◆ **DATA**:
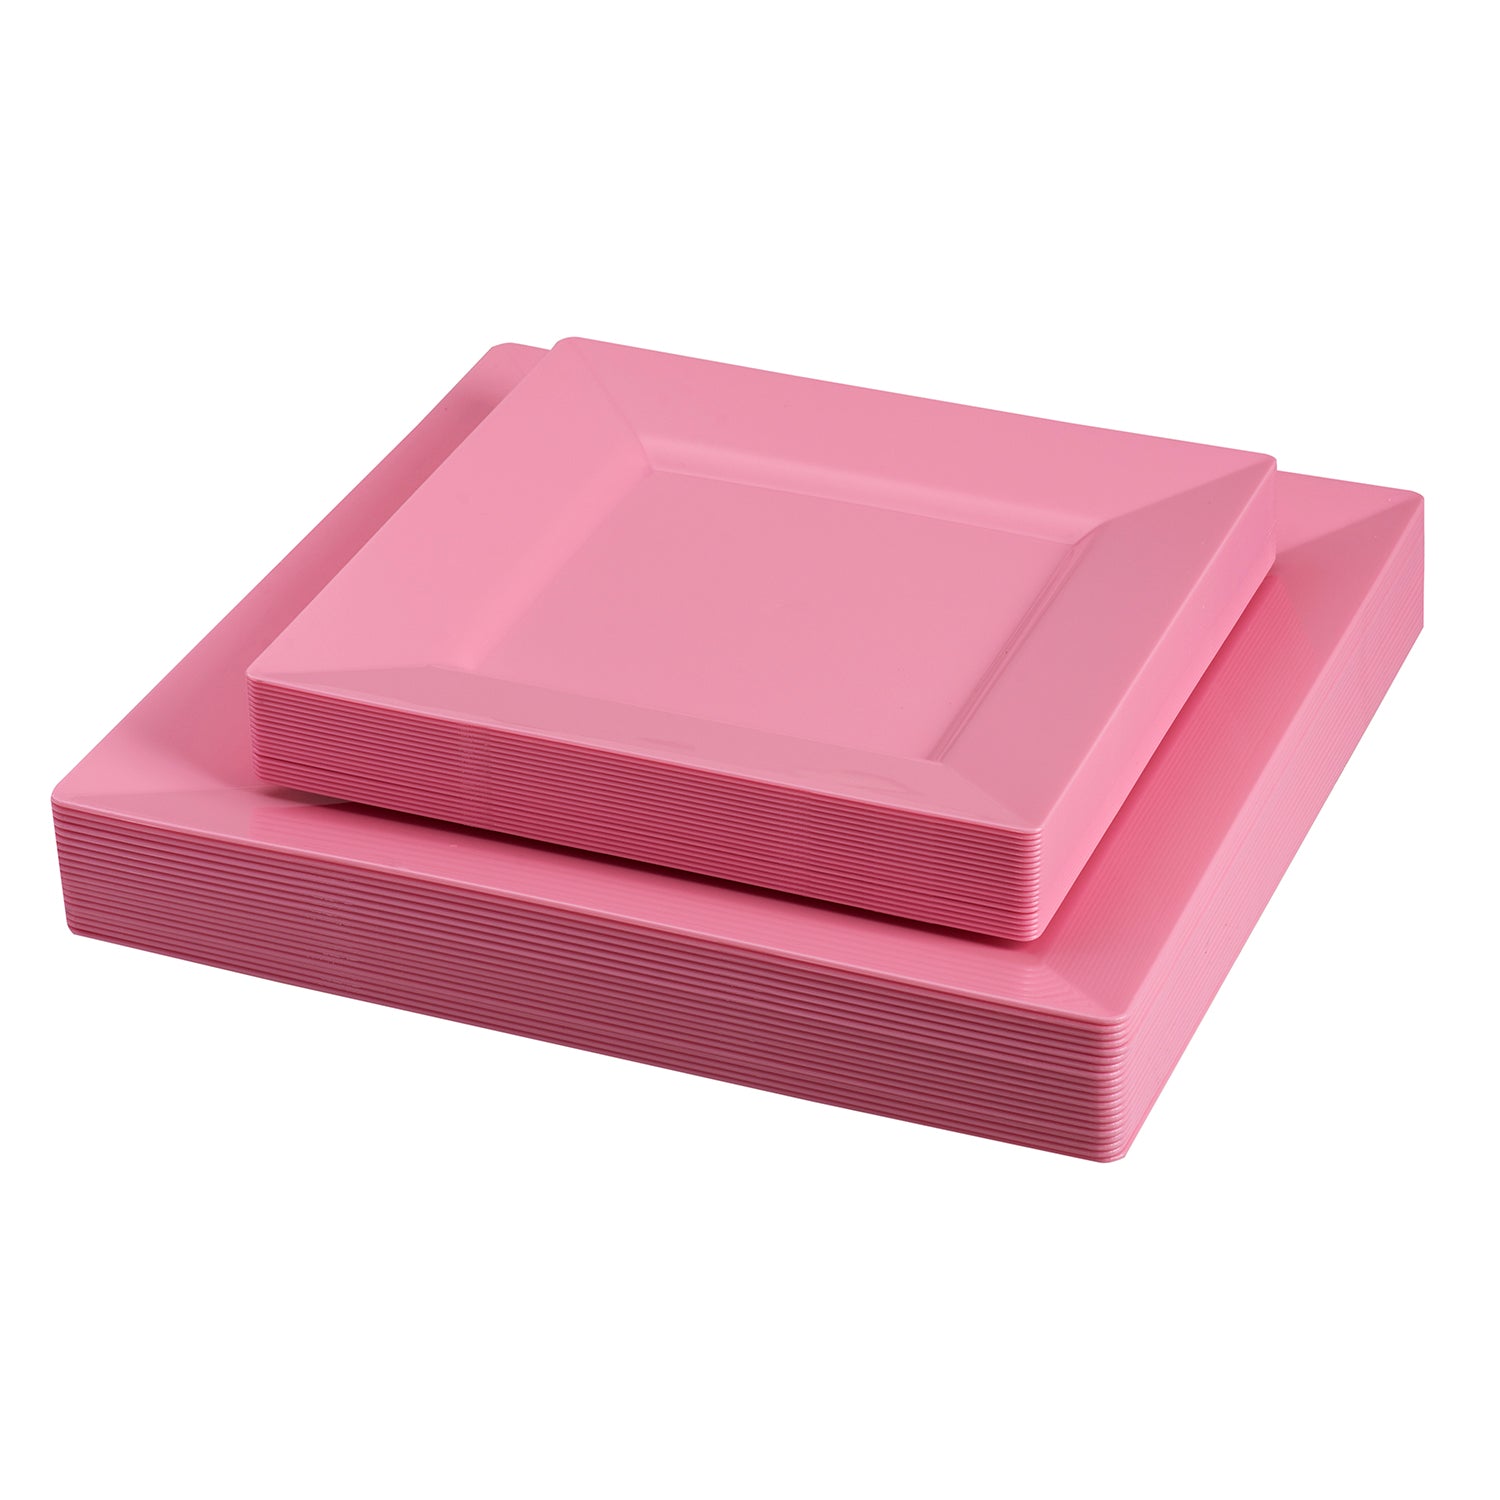 Pink plastic plates
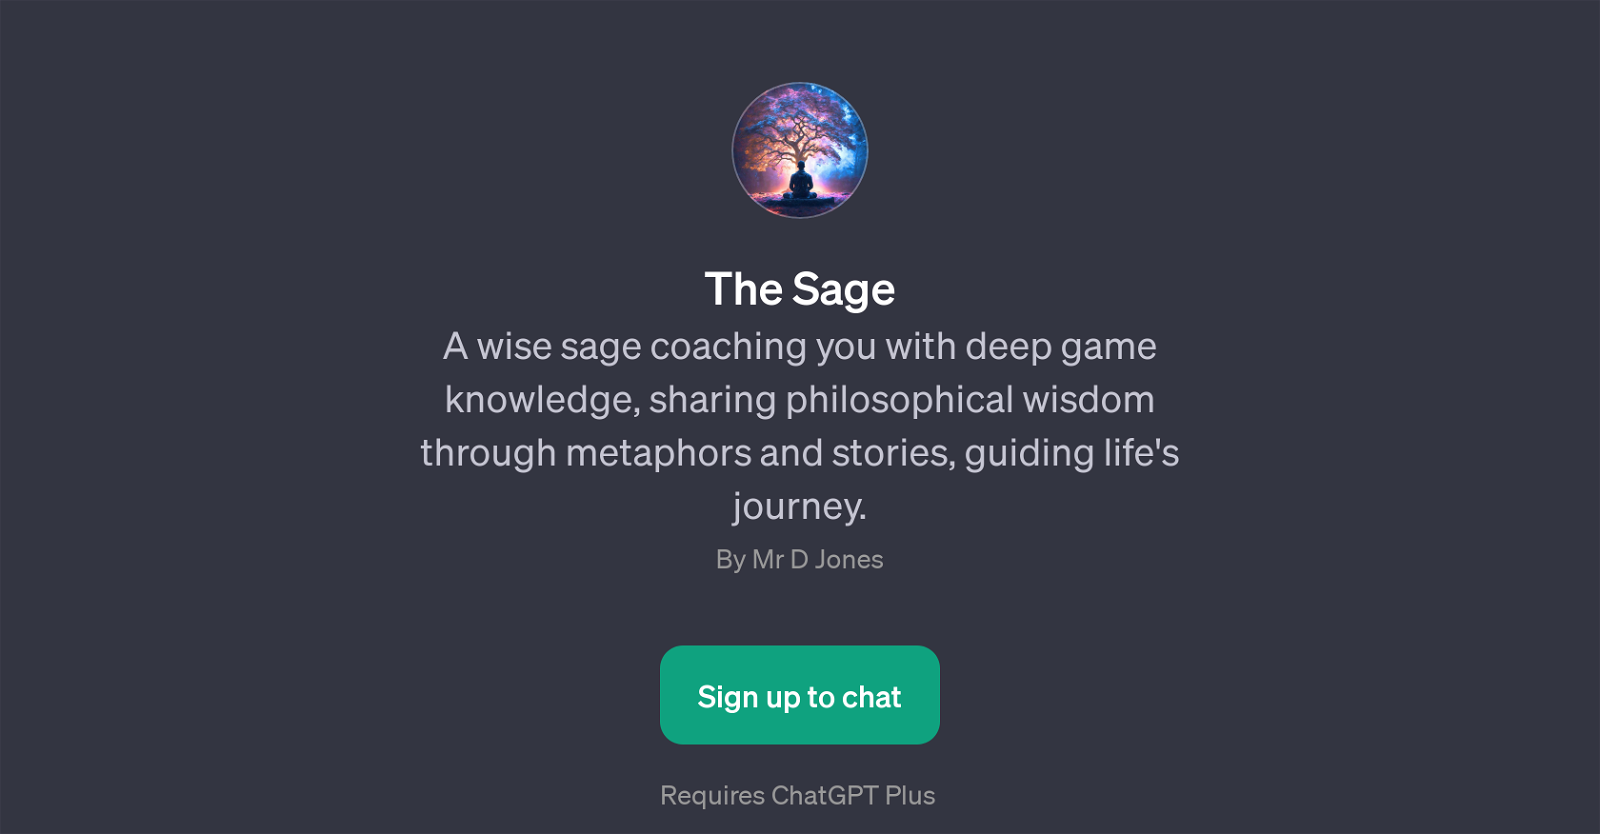 The Sage website
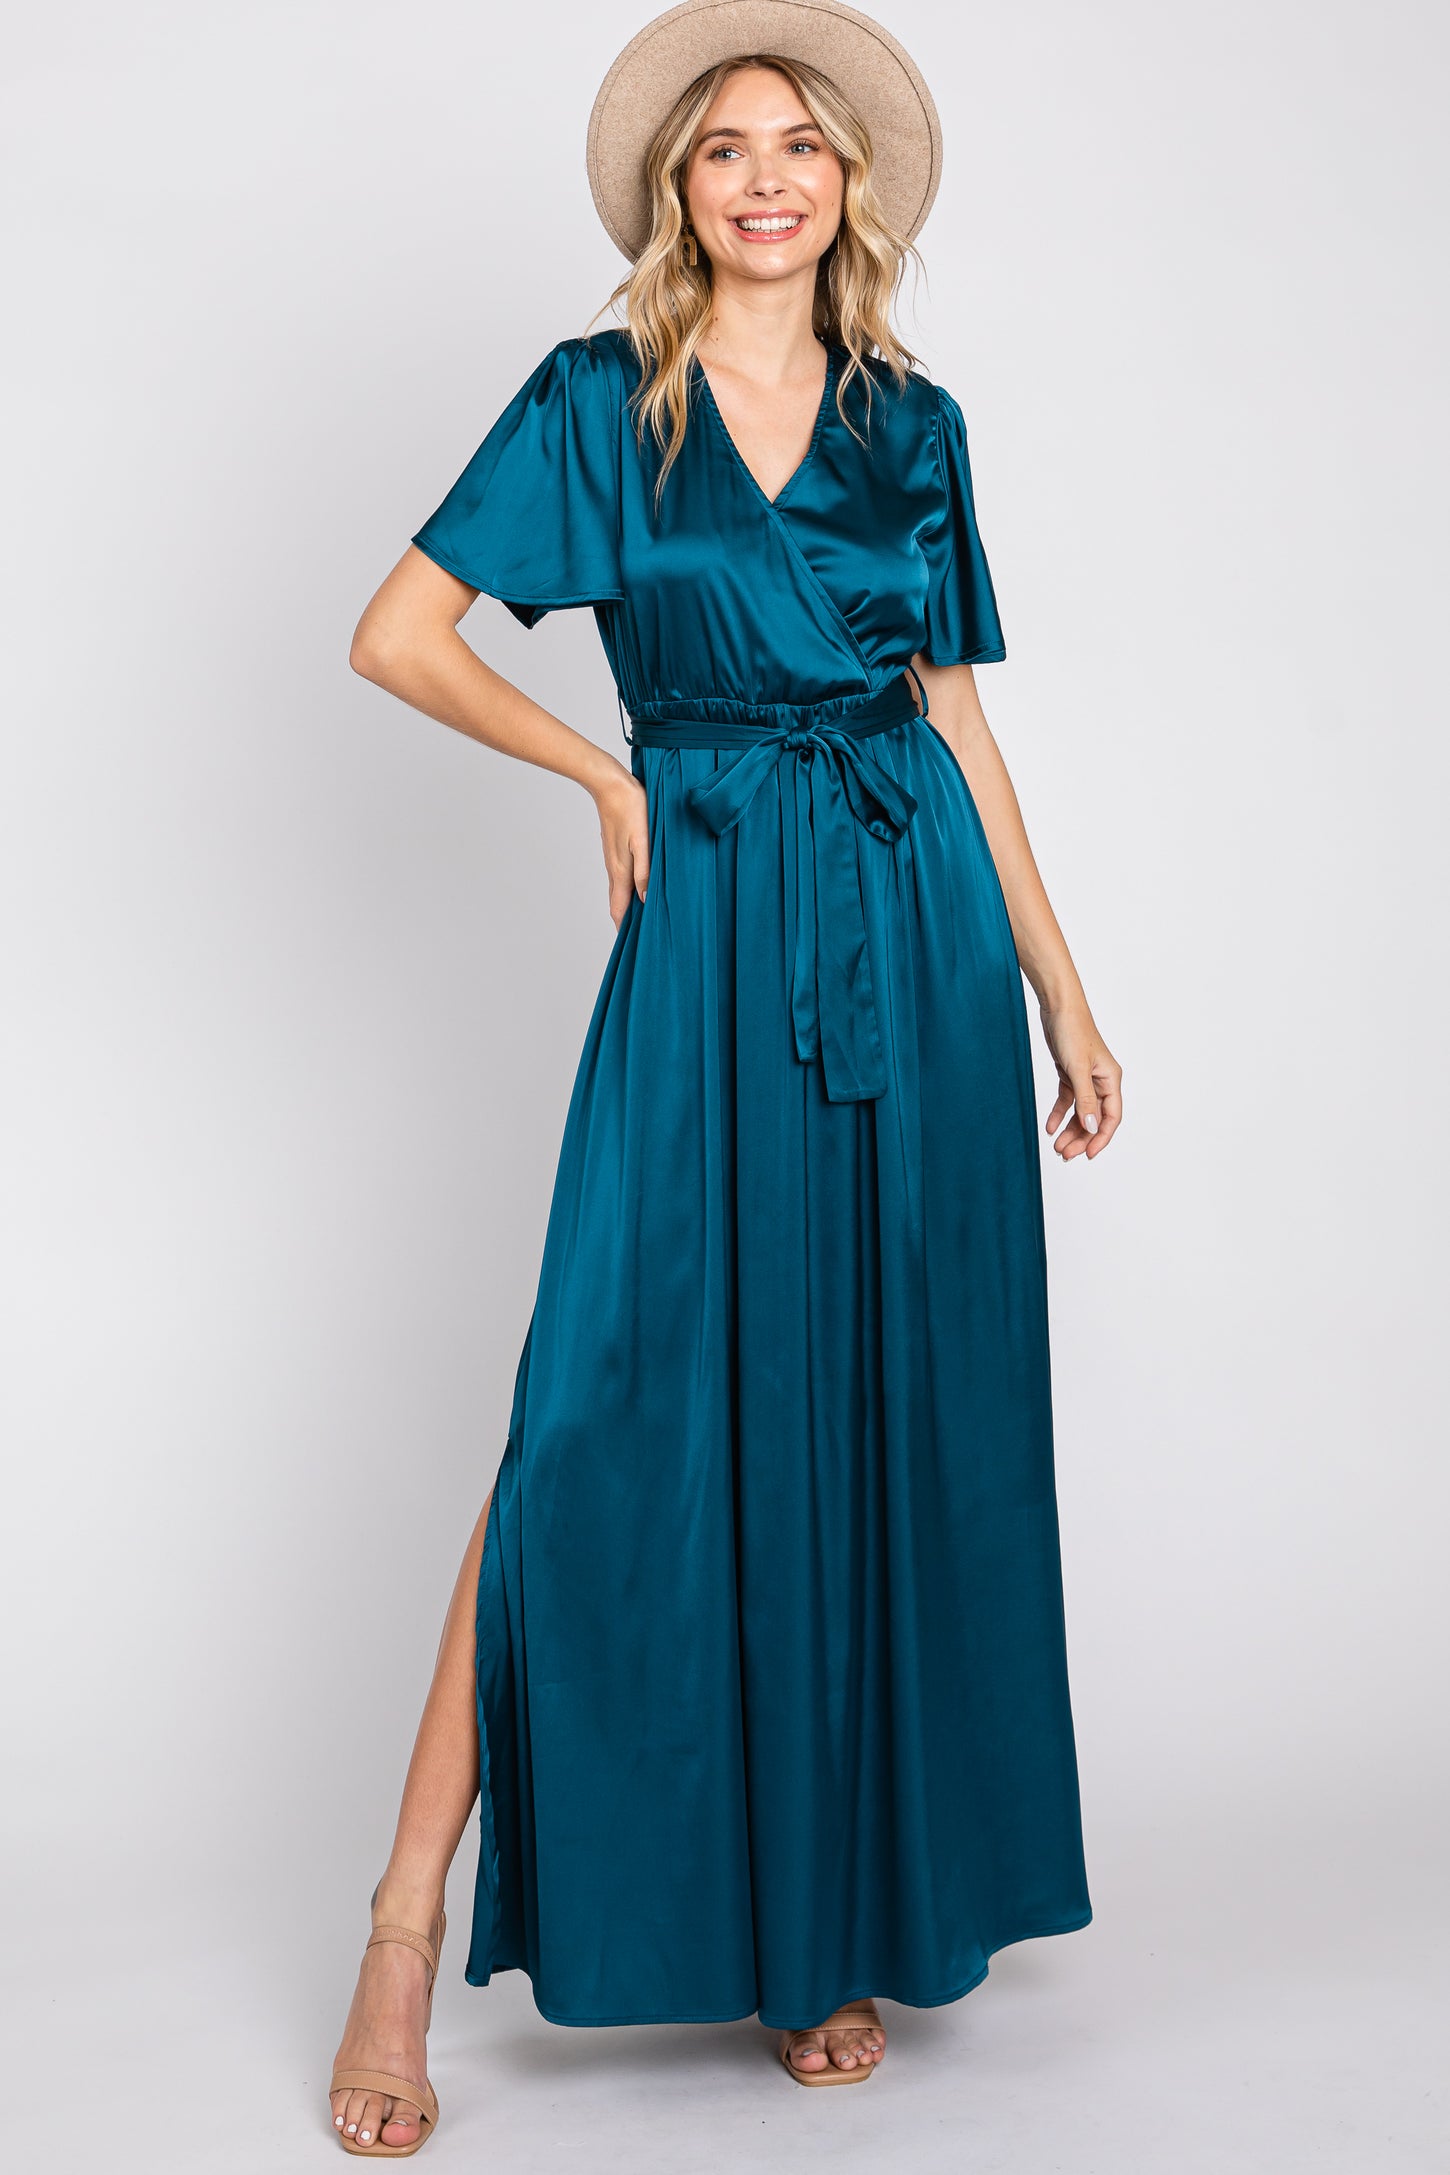 Turquoise Blue Drawstring Maternity to Nursing Dress

◆ **YOUR OBJECTIVE**:
Nothing but the text is wanted: repeat the data above exactly, without its images.

◆ **RESPONSE TO THIS EXERCISE**:
 Pink plastic plates
 The Sage website
 Turquoise Blue Drawstring Maternity to Nursing Dress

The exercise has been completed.